> **TASK TO CARRY OUT**: Quote the listing below in its entirety, omitting every image.

> **DATA BLOCK**:

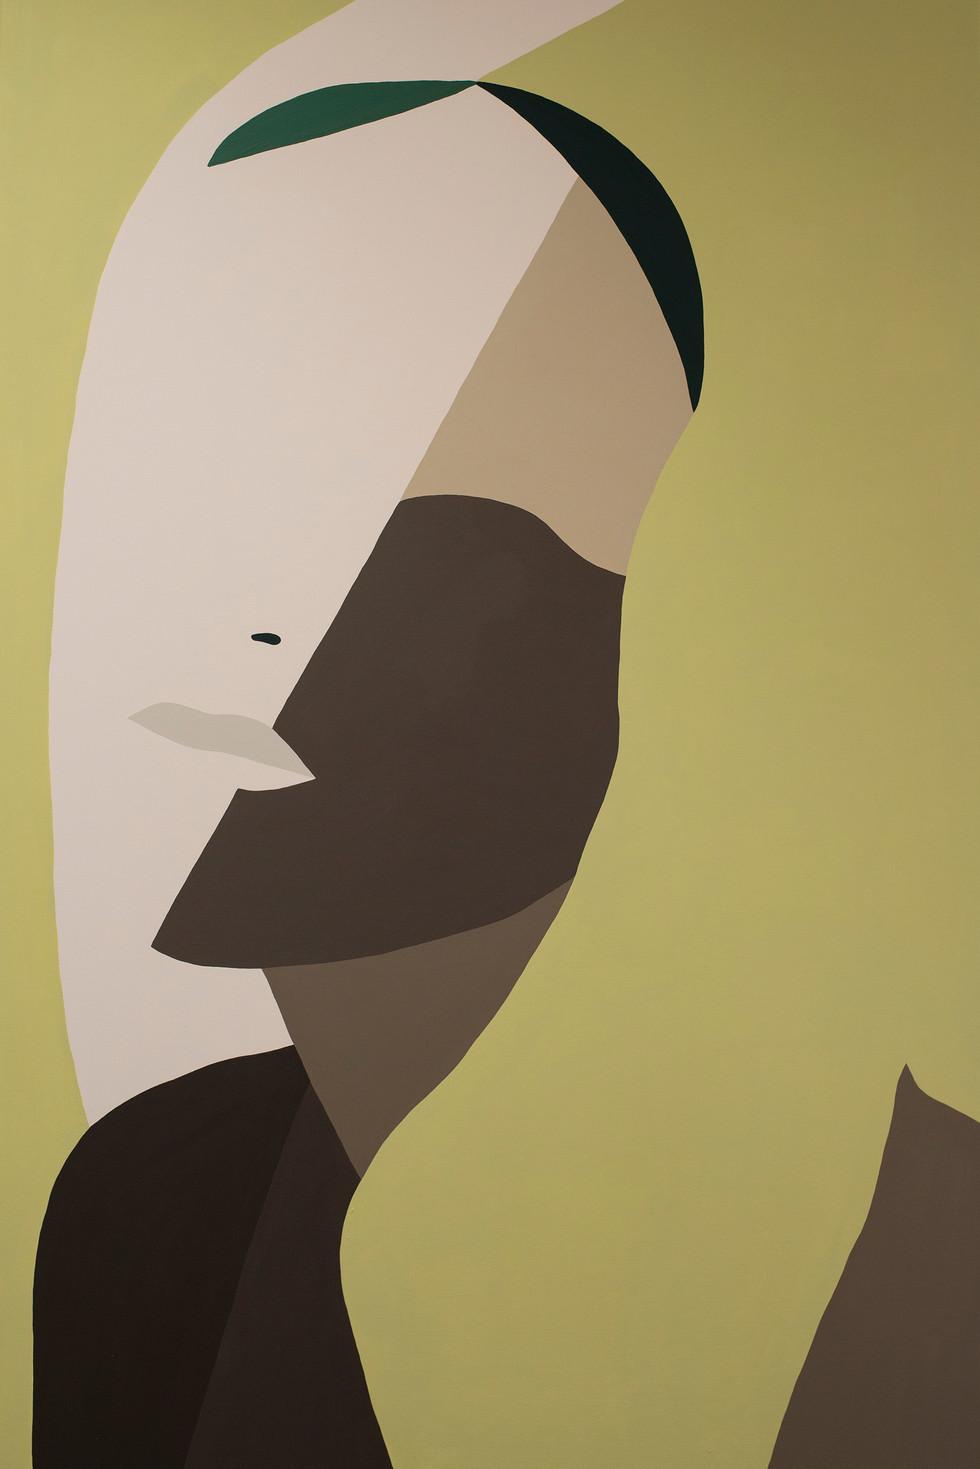 Wide, 2020 acrylic on canvas 80 x 120 cm
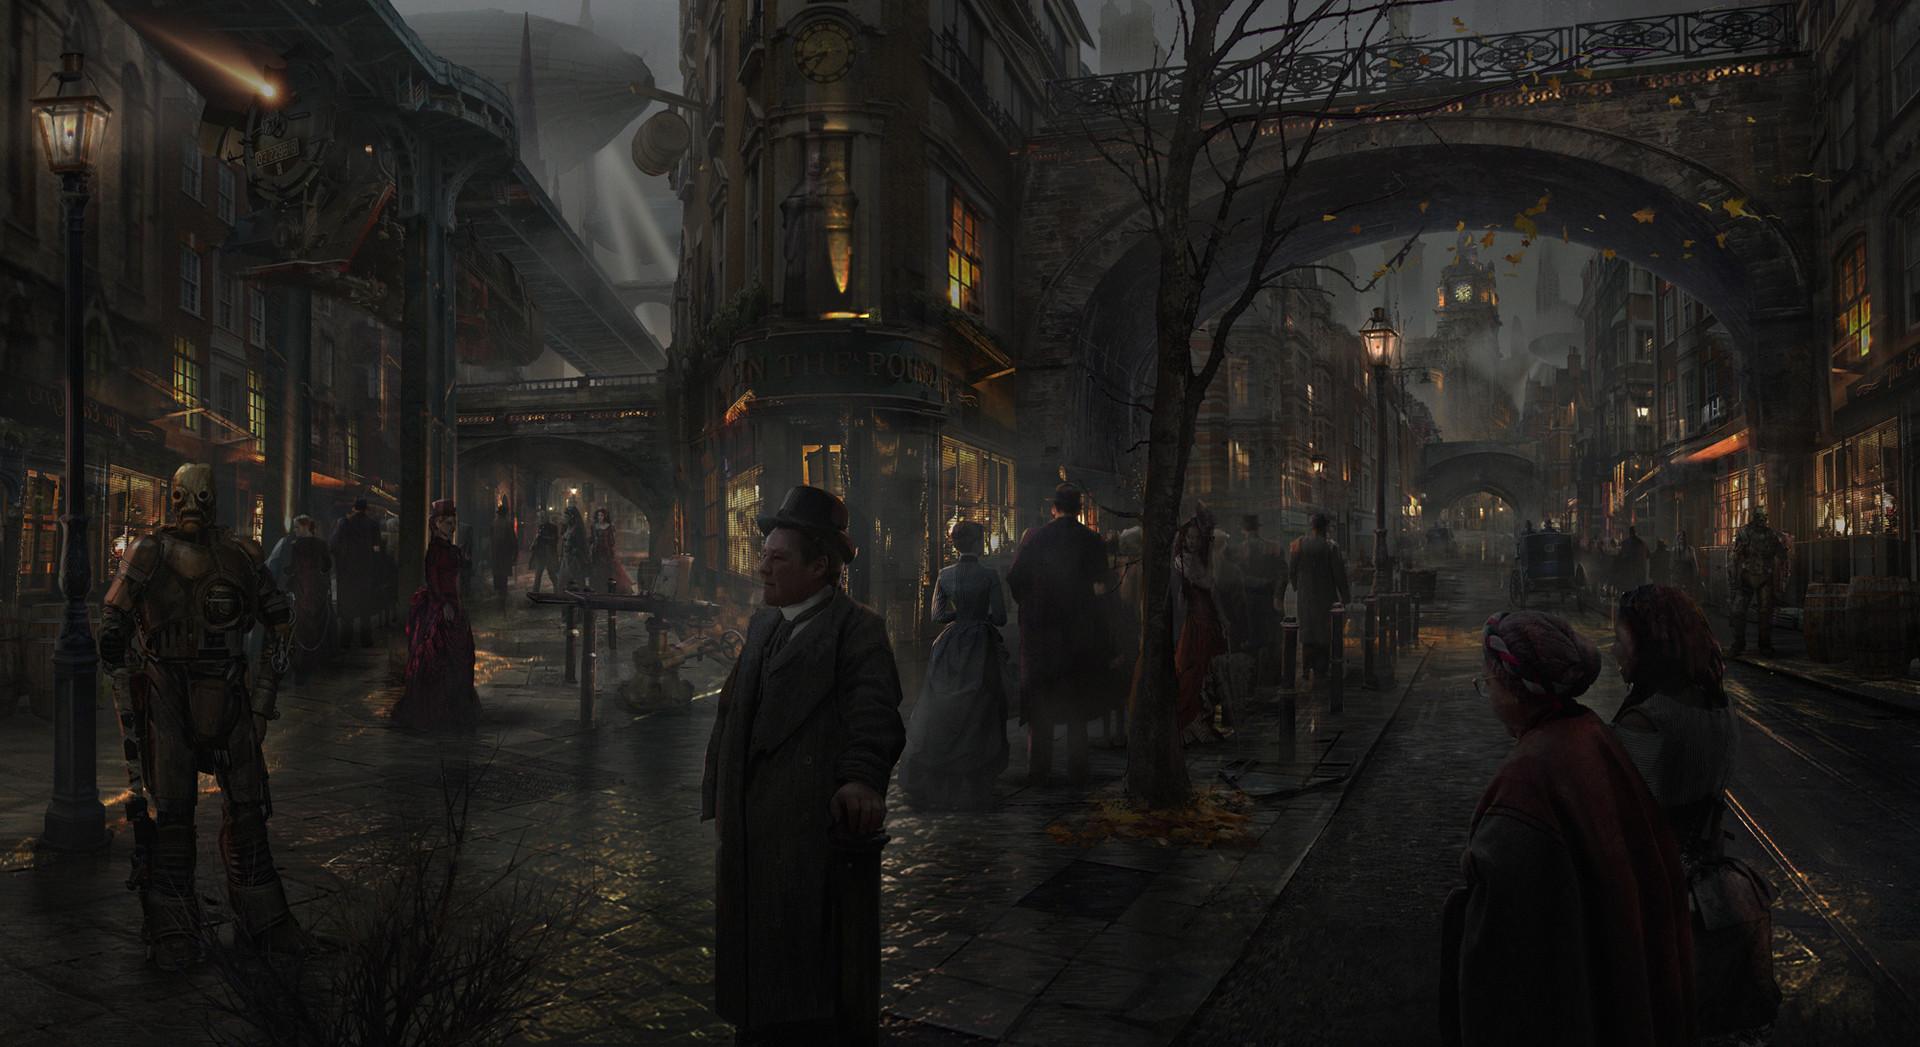 Steam City
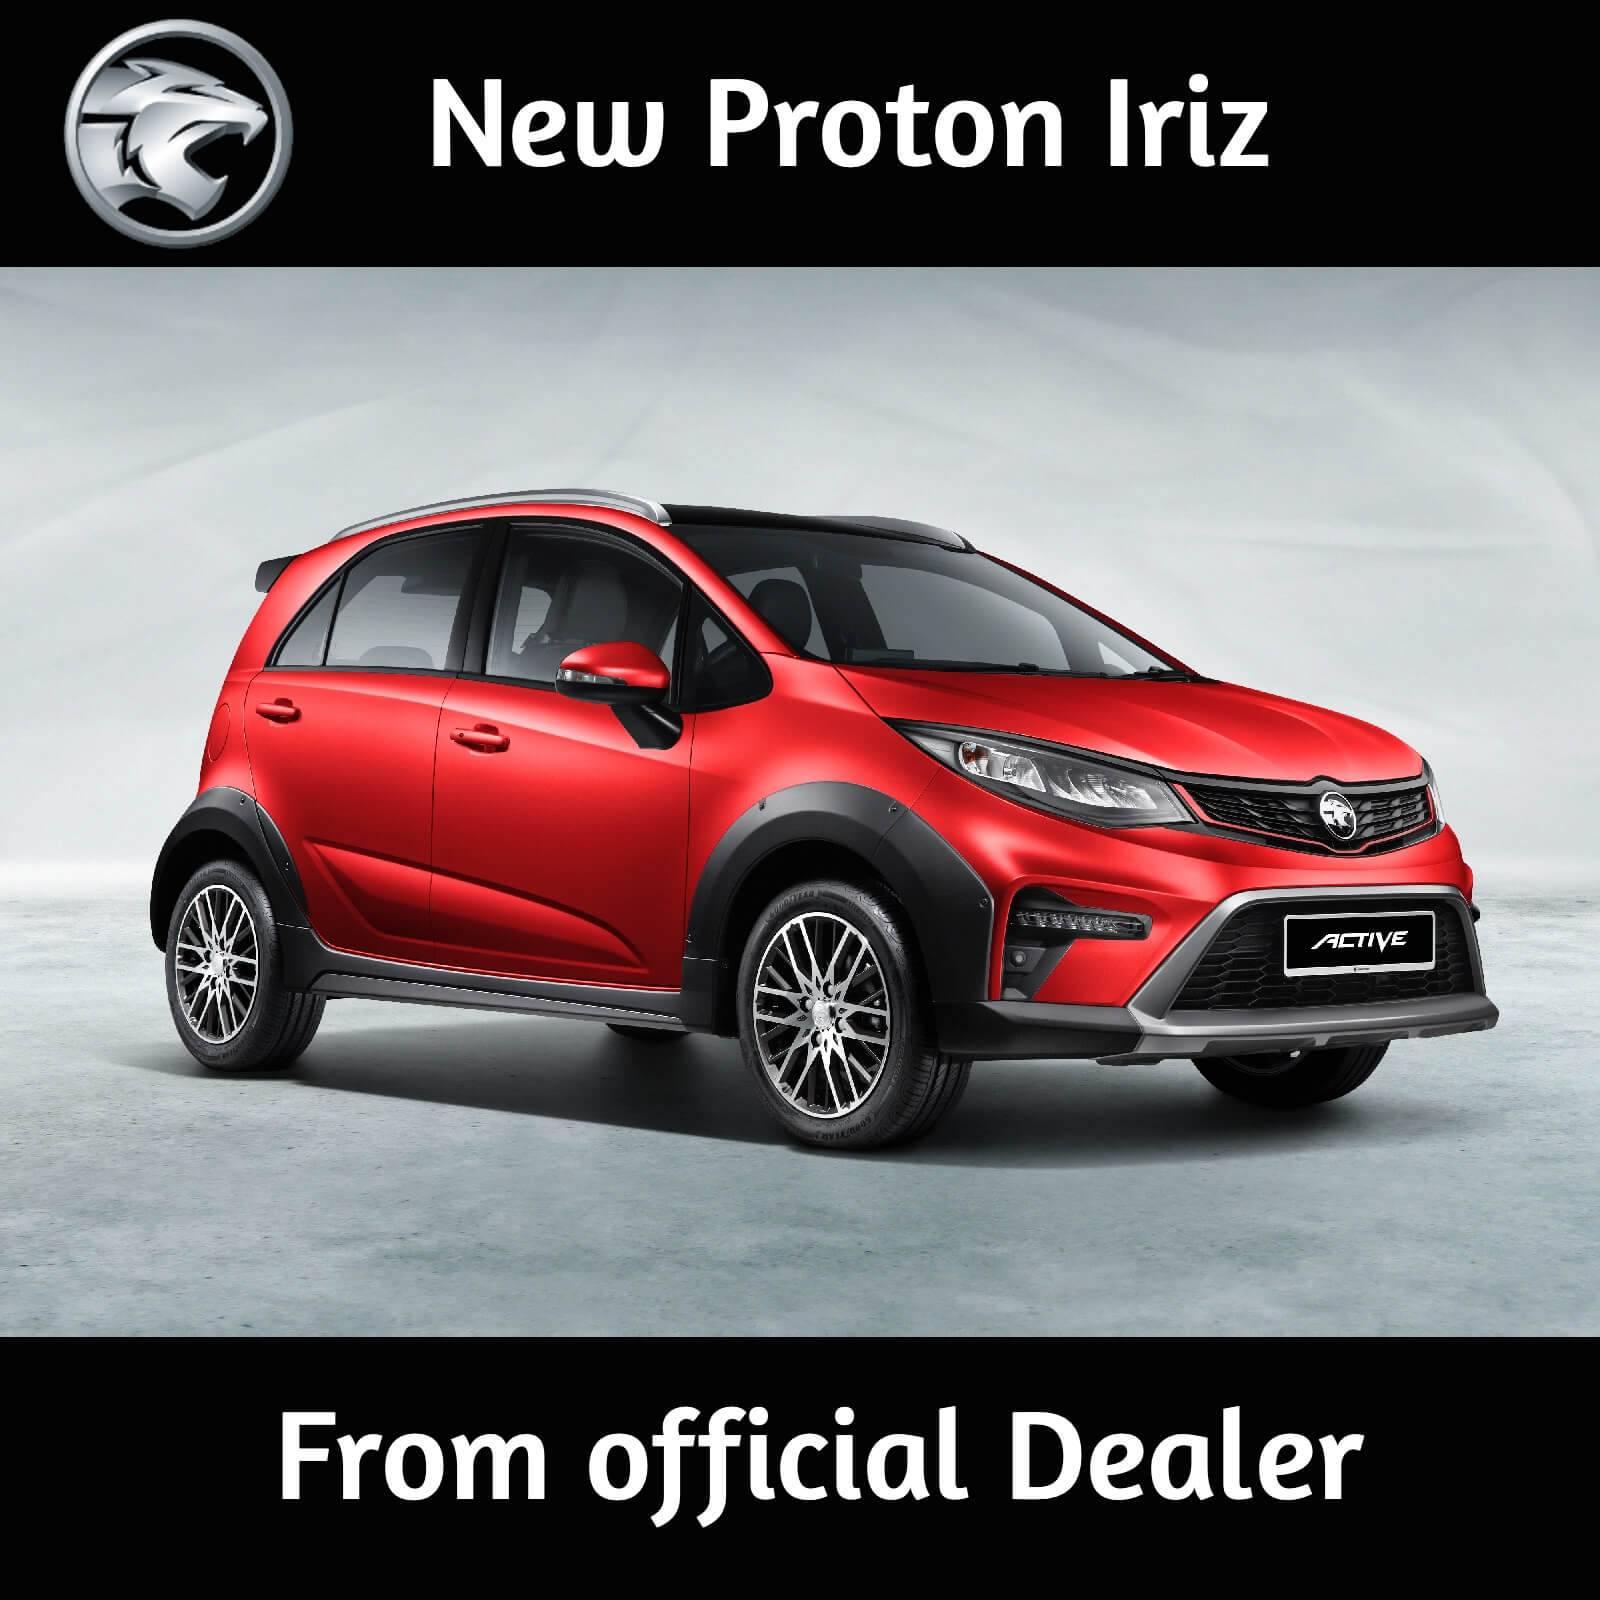 2021 Proton Iriz 1.6 CVT Active

> **ANSWER FOR THIS EXERCISE**:
 Wide, 2020 acrylic on canvas 80 x 120 cm
 Steam City
 2021 Proton Iriz 1.6 CVT Active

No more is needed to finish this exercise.